In other words, what the campaign did is what PFAW’s Latinos Vote! program has known for years really works: when you prioritize the Latino vote, you win. And that means doing several really important things.

Like what? Well, an illustrative comparison is useful here. There is always a lot of talk about the critical importance of the votes of suburban women. So how does that drive what campaigns do? It means that a great deal of care and attention is given to defining the messages that will resonate with this group. It means not having to ask if the group was included in polling. It means that when budgets are being determined, the money that will be spent to reach this group is among the first to be earmarked for the purpose. It means attention is paid to the right messengers to reach this group and to whom the campaign should hire.

It also means engaging and sending senior and high-profile campaign staff and surrogates to speak with these voters in person or through the media; TV buys and digital buys and mailers; showing up early and often in places where this group can be reached, and via platforms the group uses to communicate. In short, it means lots of resources deployed early and often on the path to victory.

This is what campaigns do when they believe a segment of the voting population has the power to decide an election. Now imagine this same care and attention paid to the Latino vote. If that seems like a novelty, it shouldn’t — because today, in many parts of the country, the growing Latino community DOES have the clout to make all the difference.

And that means no longer can campaigns afford to treat the Latino vote as an afterthought. No longer can they overlook it, or make assumptions like the one that Latino voters have low turnout rates, which becomes a self-fulfilling prophesy when the resulting minimal efforts at outreach lead, inevitably, to…lower turnout.

At PFAW, our Latinos Vote! program grasped all these critical issues early on. We understood that Latino voters needed to be prioritized in terms of both persuasion and turnout. In Virginia, we engaged people through Latinos Vote! starting in 2012, and we know it has been instrumental in many significant victories since then, including Terry McAuliffe’s election as governor and the historic 2019 election that turned Virginia’s state government all-blue.

Latinos Vote! has been showing up and talking to Virginia’s Latino community consistently, year-in and year-out, including in the “off-off” election years when no federal races are on the ballot. We have invested in paid and earned media, in in-person events with respected figures such as our PFAW board member Dolores Huerta, and we have emphasized both Spanish- and English-language outreach everywhere, including digital platforms but also on TV and radio.

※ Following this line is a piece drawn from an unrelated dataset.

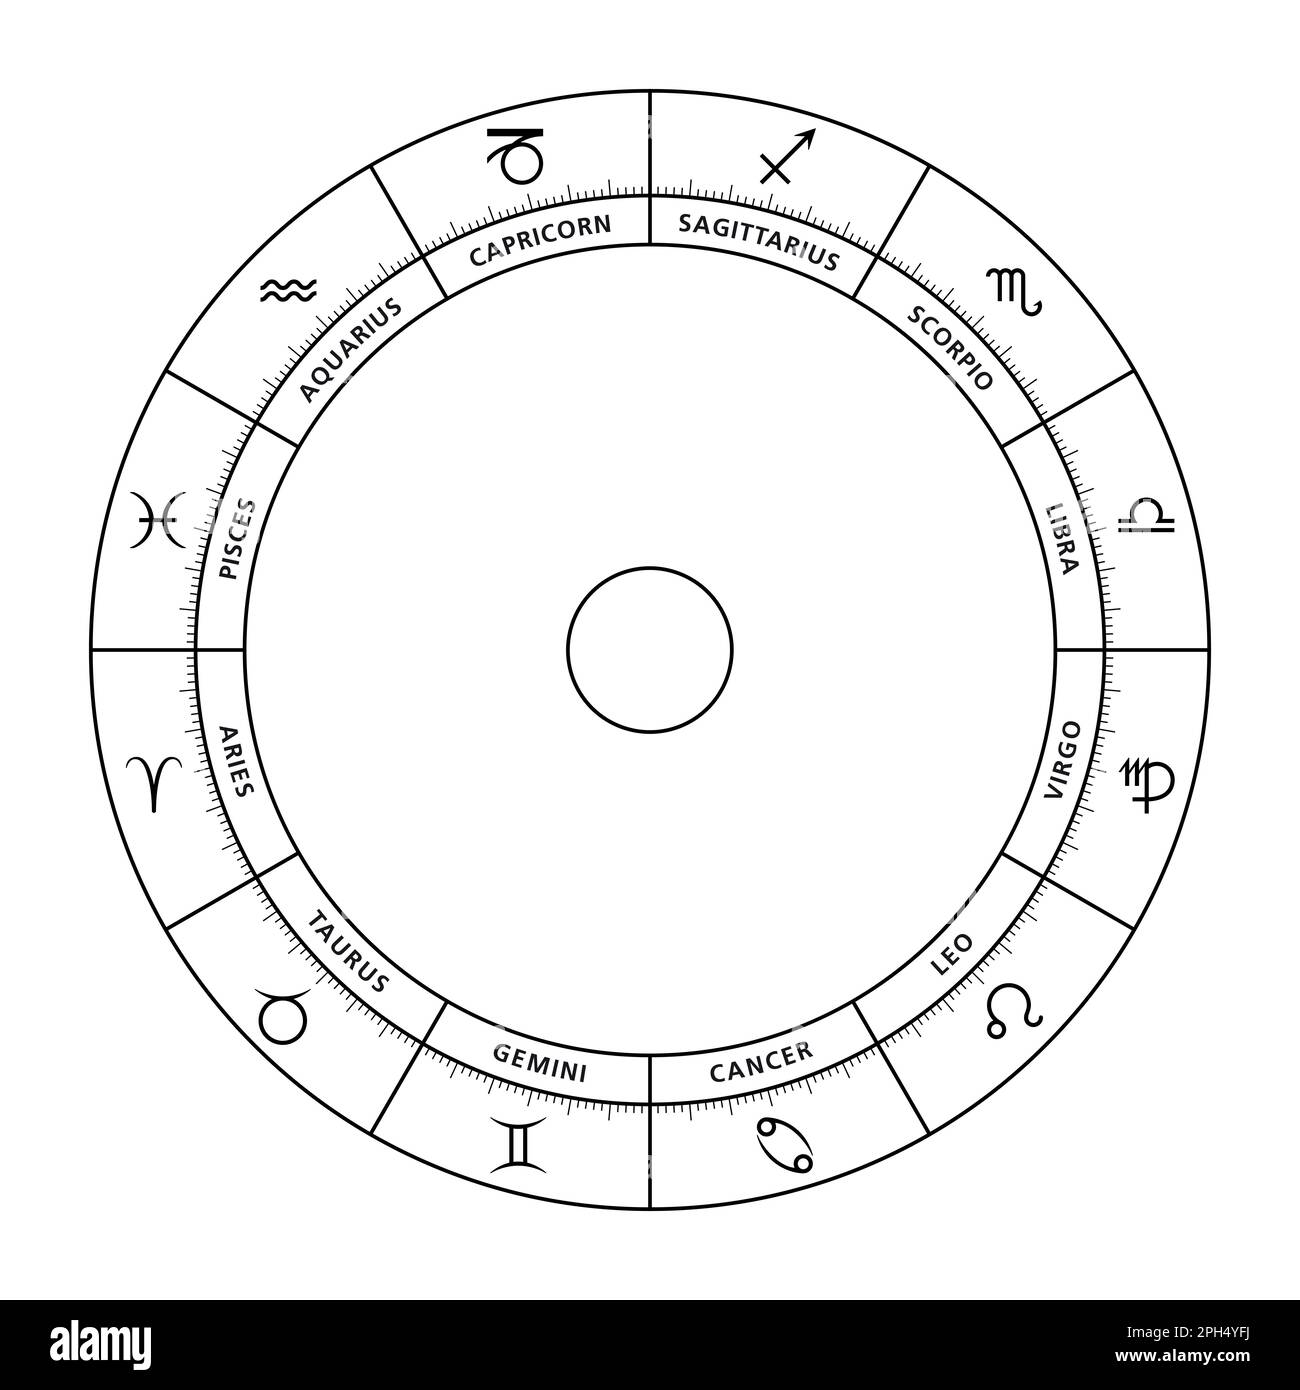 Ruota zodiacale, con segni astrologici e i loro nomi latini. Grafico astrologico e cerchio con dodici tipi di personalità, modi di espressione. Foto Stock

We know that when this outreach is authentic, voters feel heard and seen. When voters can see that they are being prioritized, they feel like their vote really counts — and they are more likely to vote.

So while the headlines are highlighting how the Sanders campaign’s decision to prioritize Latino voters led to their victory, it’s not news to us. Latinos Vote! will continue to do this work, and to sound the alarm that we need to collectively prioritize strategies and resources to engage Latino voters. Because when we do, we win.